[Opening GIVEN INFORMATION section]
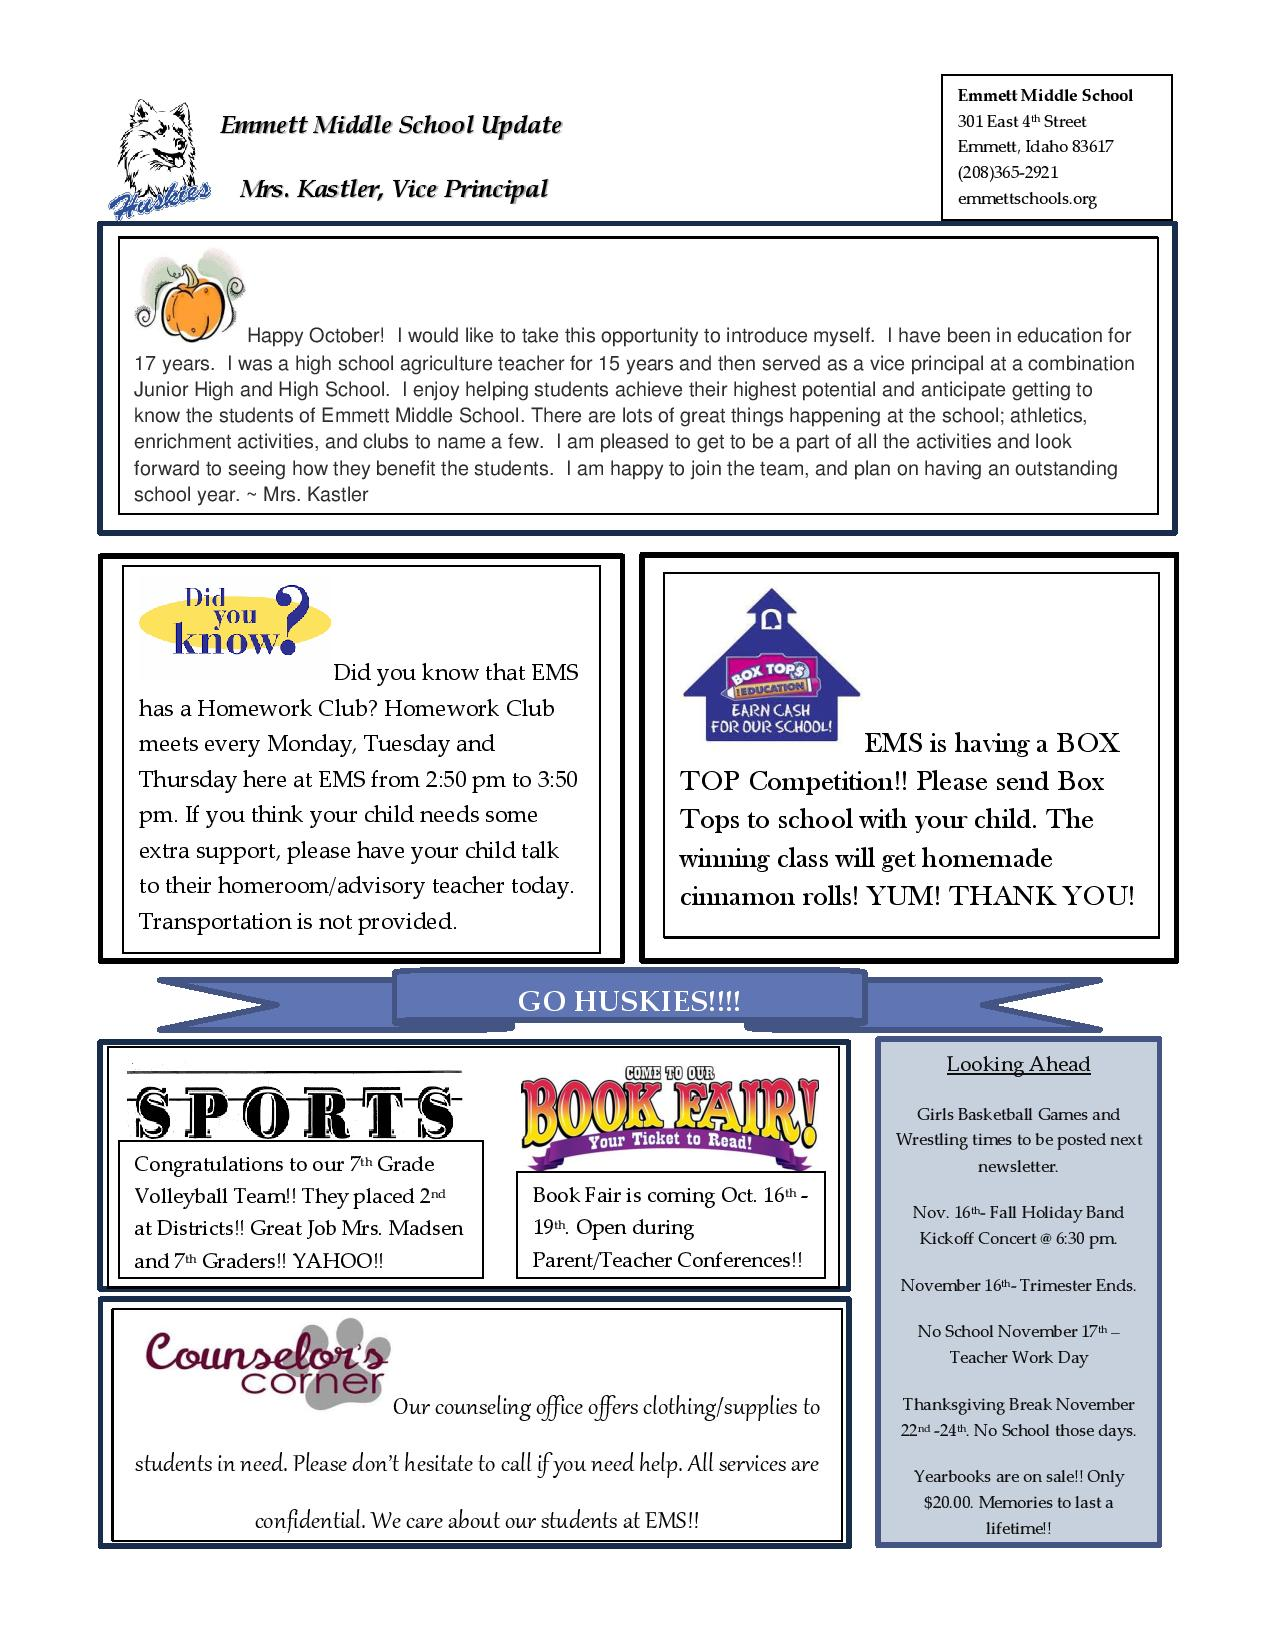 emmett middle school homepage
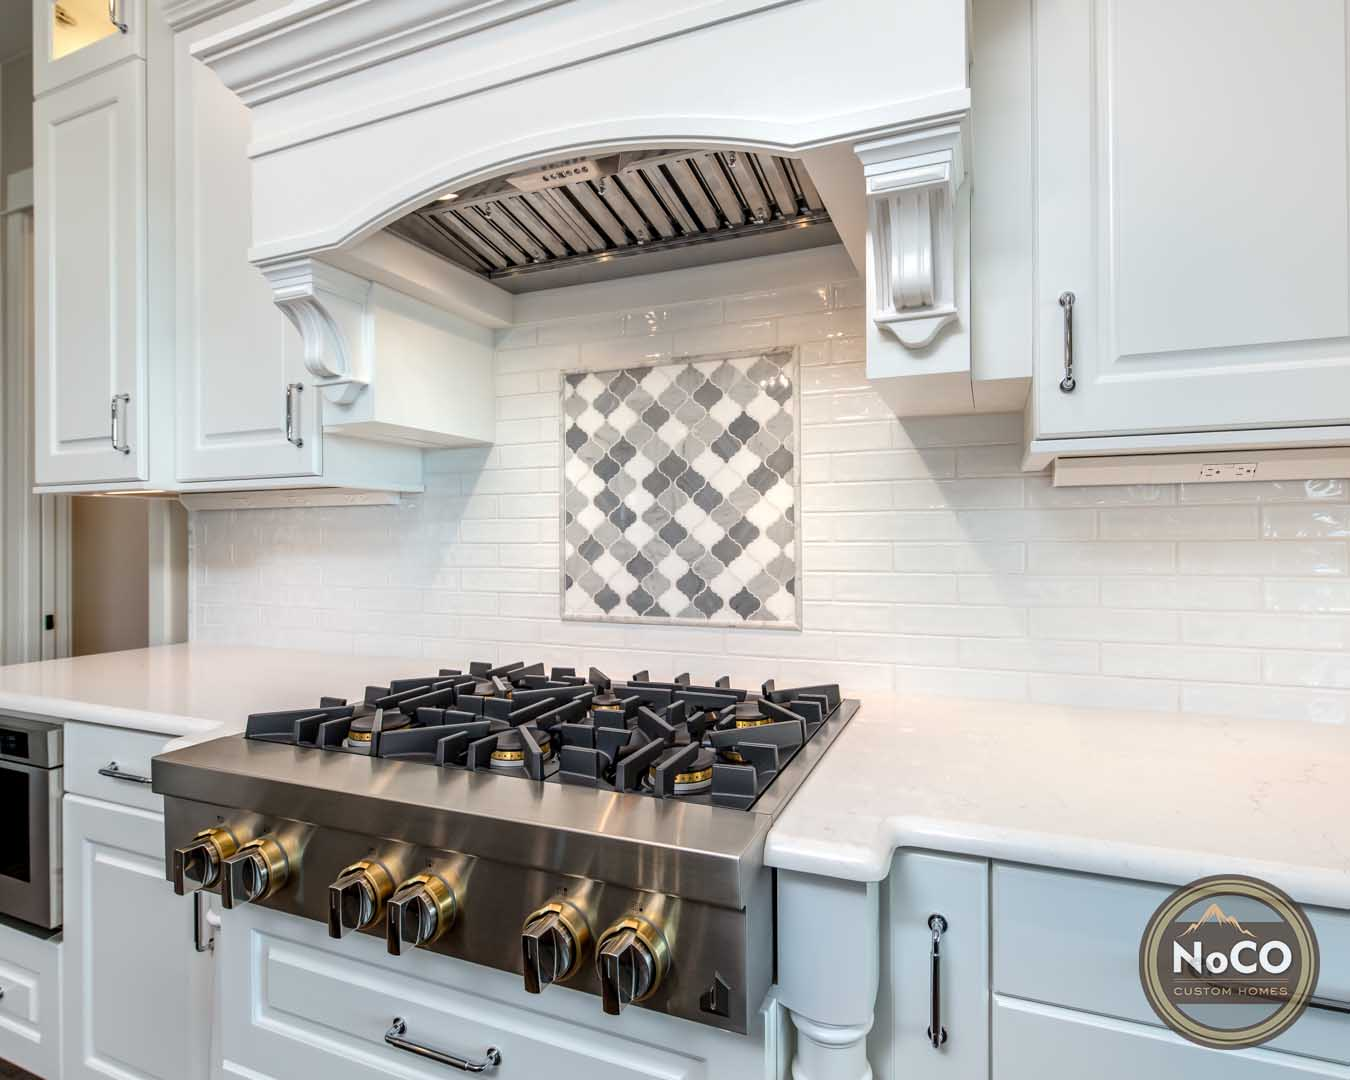 colorado custom home kitchen gas range
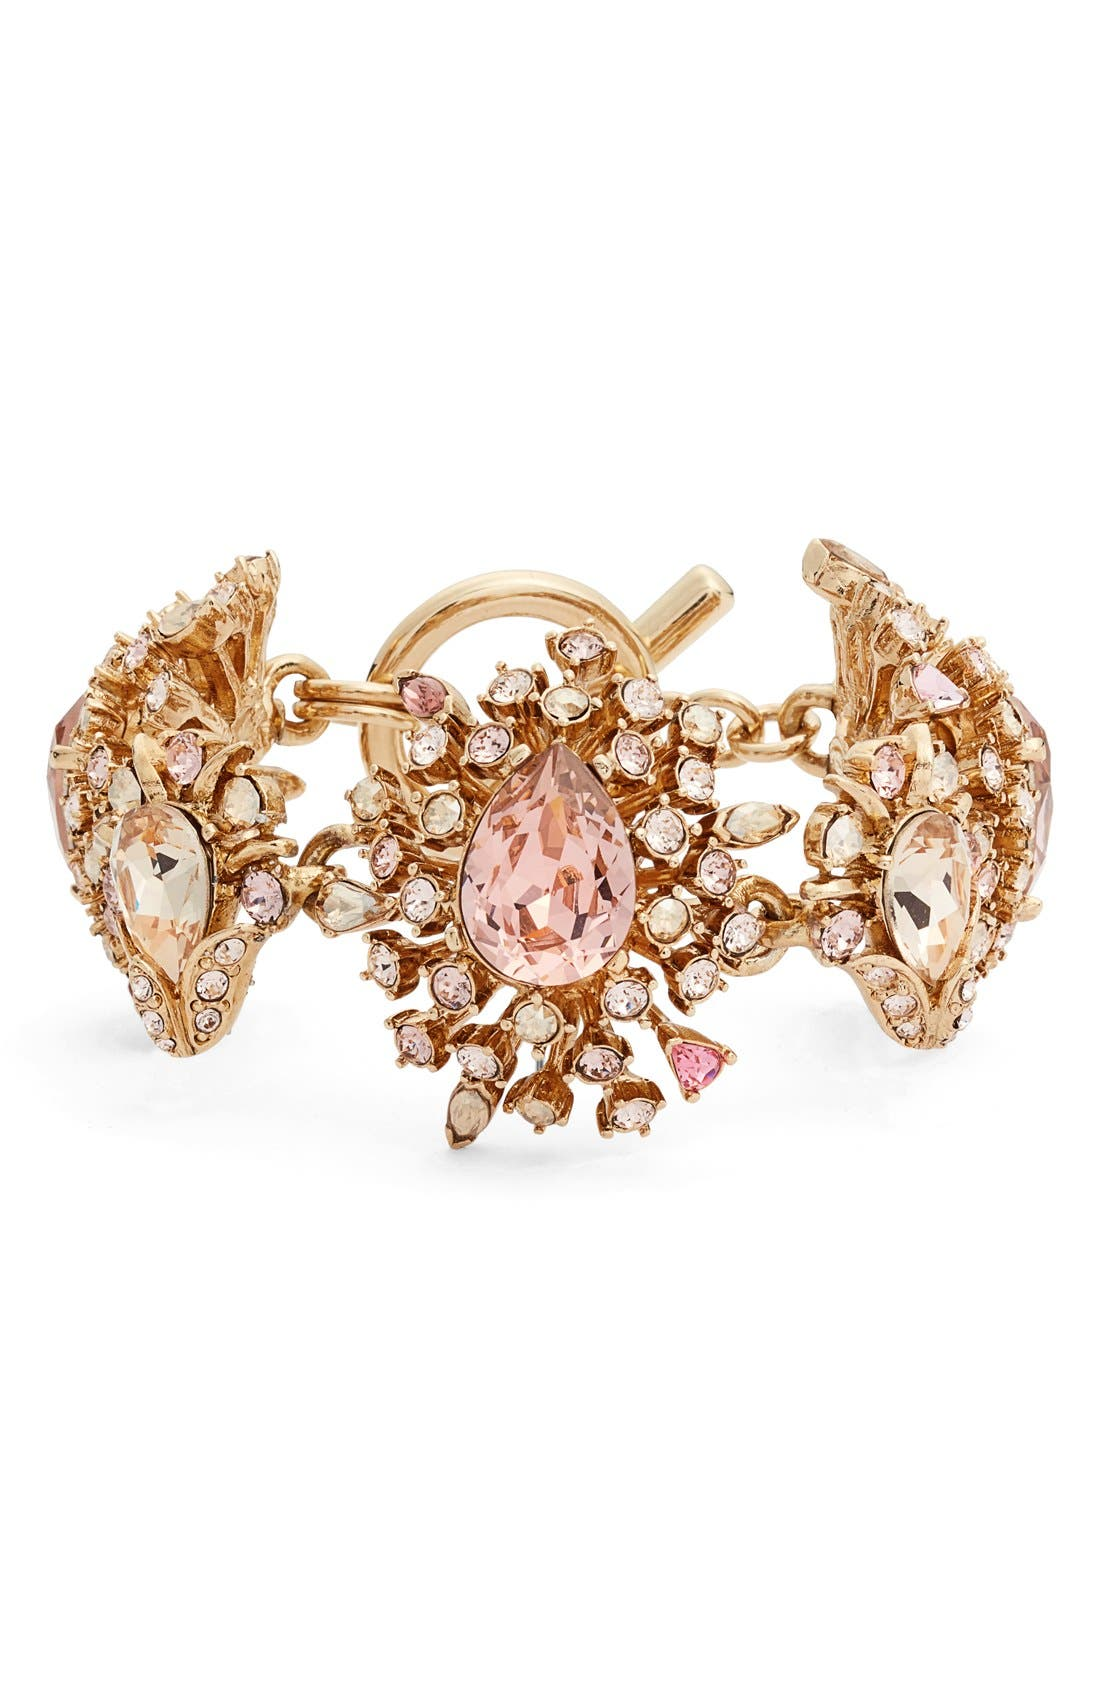 Oscar de la Renta Swarovski Crystal Line Bracelet
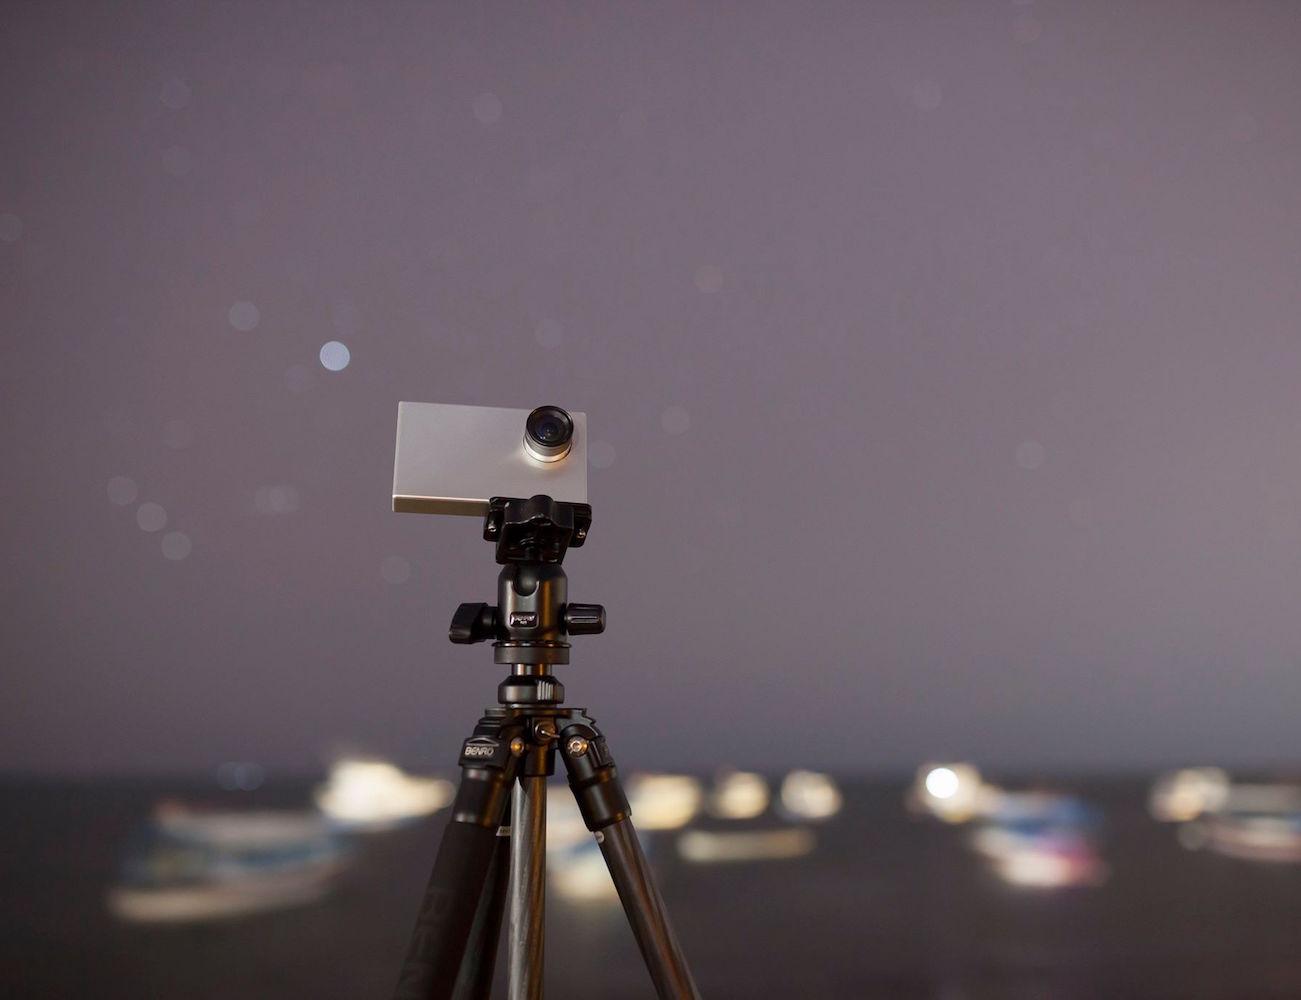 Tiny1 – The World's Smallest Astronomy Camera
[Closing GIVEN INFORMATION section]
> [YOUR ASSIGNMENT]
Please return exactly the lines from the one containing "Oscar de la" through the end of the material above, both ends included, but not the pictures.

> [ANSWER]
 Oscar de la Renta Swarovski Crystal Line Bracelet
 Tiny1 – The World's Smallest Astronomy Camera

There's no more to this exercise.